原因は、下記のとおり熱で分解されず、脱脂粉乳中に残っていた毒素でした。
黄色ブドウ球菌は牛豚などのほか、健康な人の体(鼻腔・咽頭・腸管・傷口など)
にもあり、その保菌率は40%ほどと言われています。
形状はブドウの房のような球菌で、増殖する時に産生する毒素(エンテロトキシン)
が食中毒の原因となります。
困ったことにこの毒素は、通常の熱(下図)では分解されません。
不活化するためには、110℃400分又は121℃100分が必要になるとされています。

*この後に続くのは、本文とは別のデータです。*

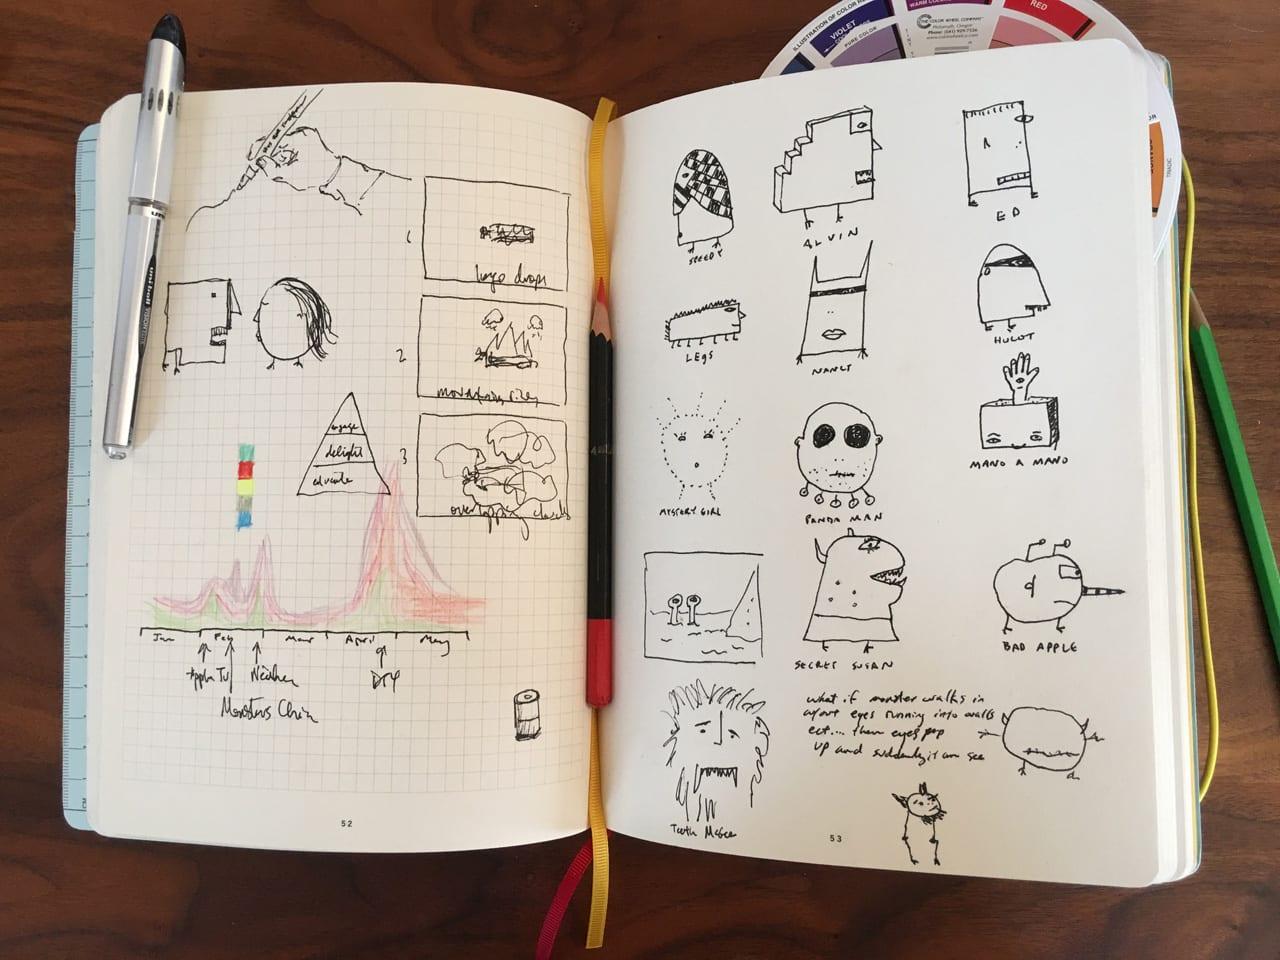 3056991 inline i 6 gutierrez1 16 famous designers show us inside their favorite notebooks copy - Aké zápisníky obľubujú dizajnéri?

また黄色ブドウ球菌は、比較的高い塩分濃度でも増殖できるため、おにぎりや
自家製の漬物なども注意が必要です。
ところで、野生動物の中には腐肉を食べるもの(スカベンジャー)がいます。
ハゲワシ(下写真)は有名です。
彼らは腐肉を食べてもなぜ、食中毒にならないのでしょうか。
ハゲワシの強力な胃酸によって、病原菌の大部分は死滅してしまいます。
その胃酸のpHは、希硫酸に匹敵するとか。
また生き残った菌とは、共存できるような免疫システムを持っているとも言われて
います。
さらに、毒素に接触するたびに免疫が対応して抗体を作れるそうです。
ハゲワシは、そのような能力を身に付けることで、過酷な自然環境を生き延びて
きたのです。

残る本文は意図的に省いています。